Department of Mental Retardation

 

 

 

 

 

 

 

At a Glance                                                                                       

 

PETER H. O’MEARA, Commissioner                                            

Kathryn duPree, Deputy Commissioner

Established – 1975                                                                            

Statutory authority – CGS Chap. 319b – 319c            

Central office – 460 Capitol Avenue,                                                             

Hartford, CT  06106                                                          

Number of full-time employees – 3,795                                        

(total filled count as of June 30, 2006)                                           

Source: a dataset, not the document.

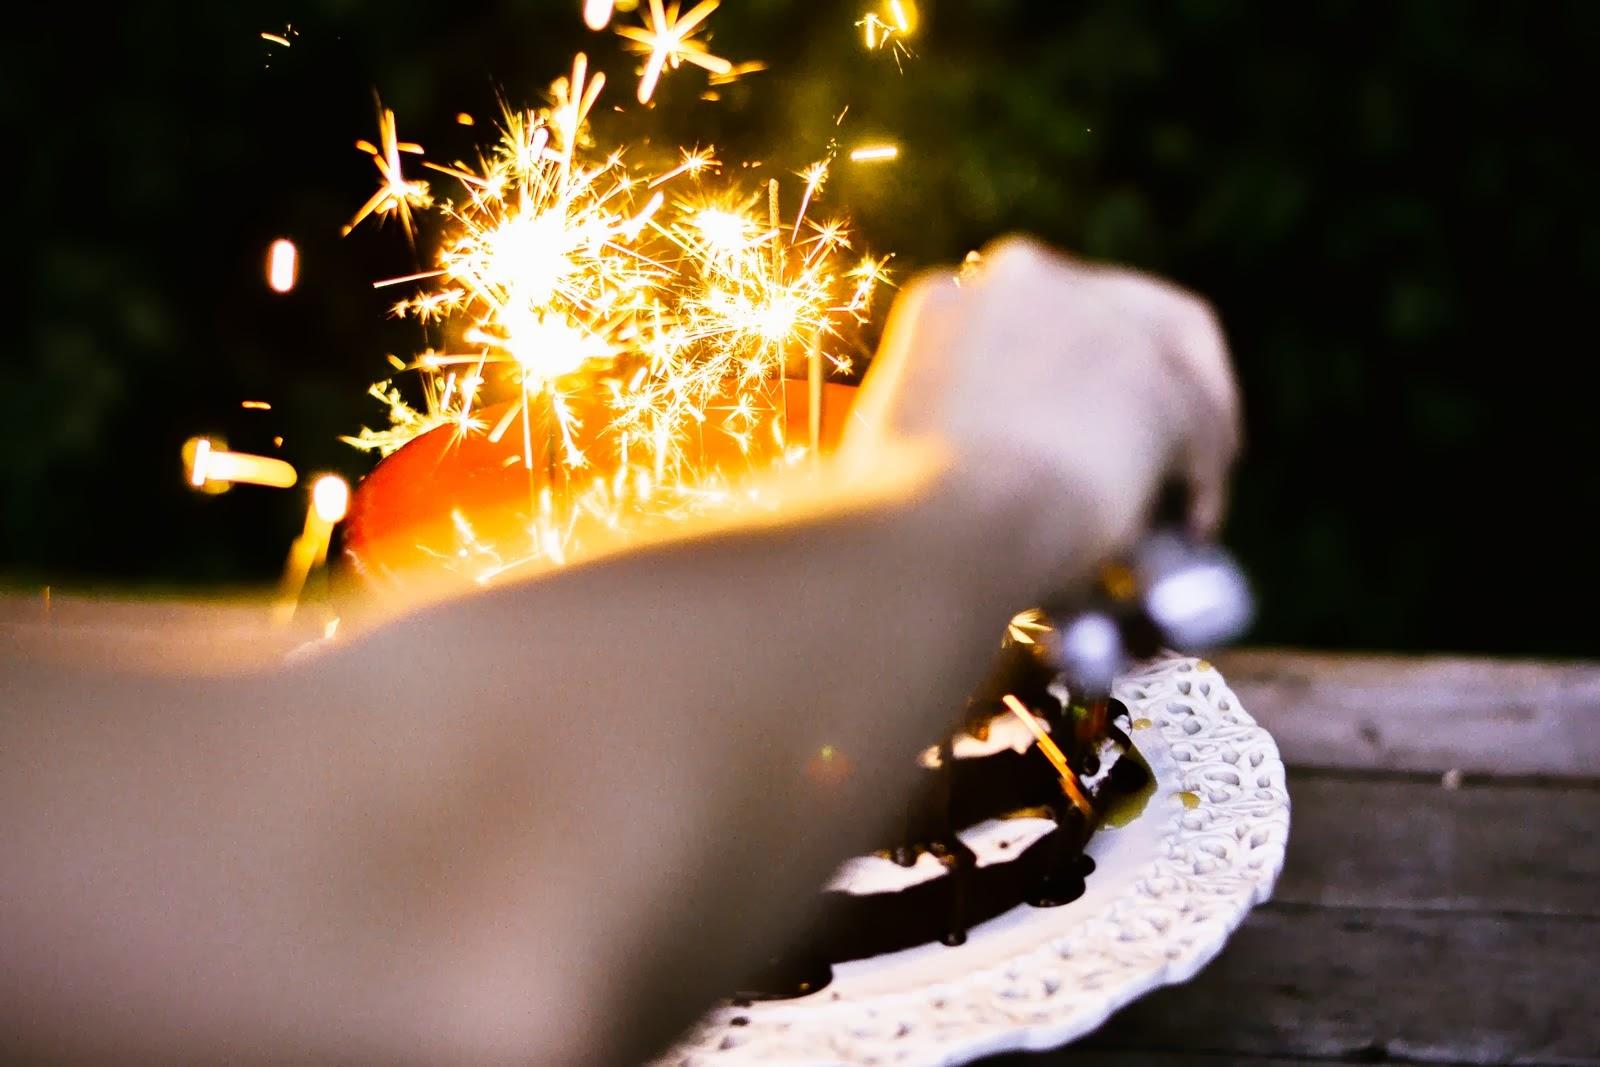 mocha+bday+cake-15.jpg
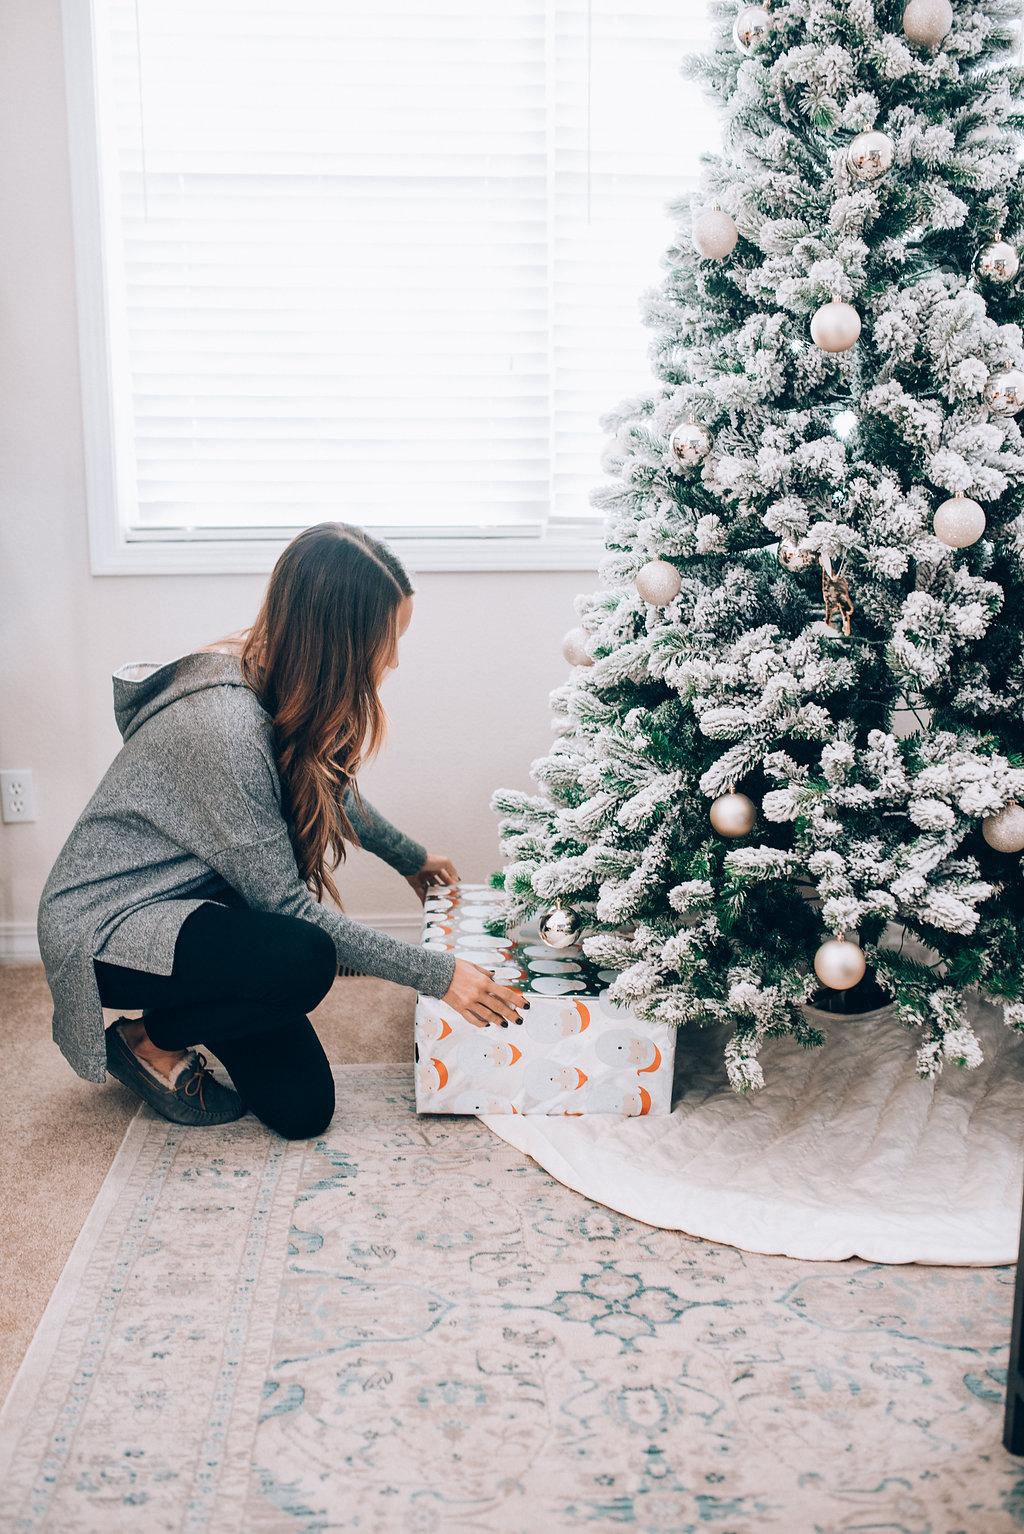 lauren sims gift ideas for men

Number of consumers served19,150                                          

Recurring operating expenses - $823,678,874                           

Organizational structure – Services and Supports to over 19,000 individuals and their families, including birth-to-three services, are provided through a network of public and private providers across Connecticut. The Office of the Commissioner oversees and directs the following divisions: Administrative Services; Family and Community Services; Legal and Government Affairs; Strategic Leadership Center; Chief of Staff and Human Resources; Affirmative Action; Investigations and the Office of the Ombudsperson. The Department operates three regional offices, various campus programs, and an Operations Center in Central Office, which coordinates all contracted services.  In addition, the Department is the lead agency for the Connecticut Birth-to-Three Program.

 

Mission

The mission of the Department of Mental Retardation is to join with others to create the conditions under which all people with mental retardation can experience presence and participation in Connecticut town life, opportunities to develop and exercise competence, opportunities to make choices in the pursuit of a personal future, good relationships with family members and friends, and respect and dignity.

 

Statutory Responsibility

     The Department of Mental Retardation (DMR), with the advice of the Council on Mental Retardation, is responsible for the planning, development, and administration of complete, comprehensive, and integrated statewide services for persons with mental retardation and persons medically diagnosed as having Prader-Willi Syndrome.  DMR provides services within available appropriations through a decentralized system that relies on private provider agencies under contract or enrolled with the Department, in addition to the state operated services.   These services include residential placement and in-home supports, day and vocational programs, early intervention, family support, respite, case management, and other periodic services such as transportation, interpreter services, and clinical services.

 

Public Service

 

     During the last fiscal year, the Department engaged in a number of activities designed to improve services and the management of its public and private programs.  Significant improvements continue in areas related to risk management systems, including risk screening procedures through the development of an enhanced Health and Safety Assessment, a revised Individual Planning document, new critical incident management protocols for services delivered in personal homes, and staff training materials and fact sheets for individuals and families who self-direct their own services.  DMR continues to be involved in initiatives designed to meet the increasing expectations of the Centers for Medicare and Medicaid Services (CMS) to meet health and welfare and quality improvement protocols for the operation of Home and Community Based waivers. 

 

Emergency Management:

     DMR and the Connecticut Department of Emergency Management and Homeland Security (DEMHS) established a collaborative relationship in 2002.  Since then, DMR has participated in several DEMHS emergency drills associated with nuclear safety and homeland security.  DMR has tested the department’s Special Operations Plan for Emergency Management within the confines of emergency management exercises.  In the spring of 2005, DMR participated, along with other state agencies and municipalities, in the biological terrorism exercise TOPOFF 3, which included participation with the State of New Jersey, the United Kingdom and Canada.  DMR staffed emergency operations centers around the state. This included participation with the statewide emergency operations team at the State Armory in Hartford.  In September 2005, DMR joined DEMHS in preparing to receive Hurricane Katrina evacuees at Southbury Training School.  This reception and housing did not come to fruition due to changes in the federal evacuation strategy.  DMR has also participated in a variety of federal and state emergency management drills and a wide array of emergency management workshops sponsored by federal, state and local agencies.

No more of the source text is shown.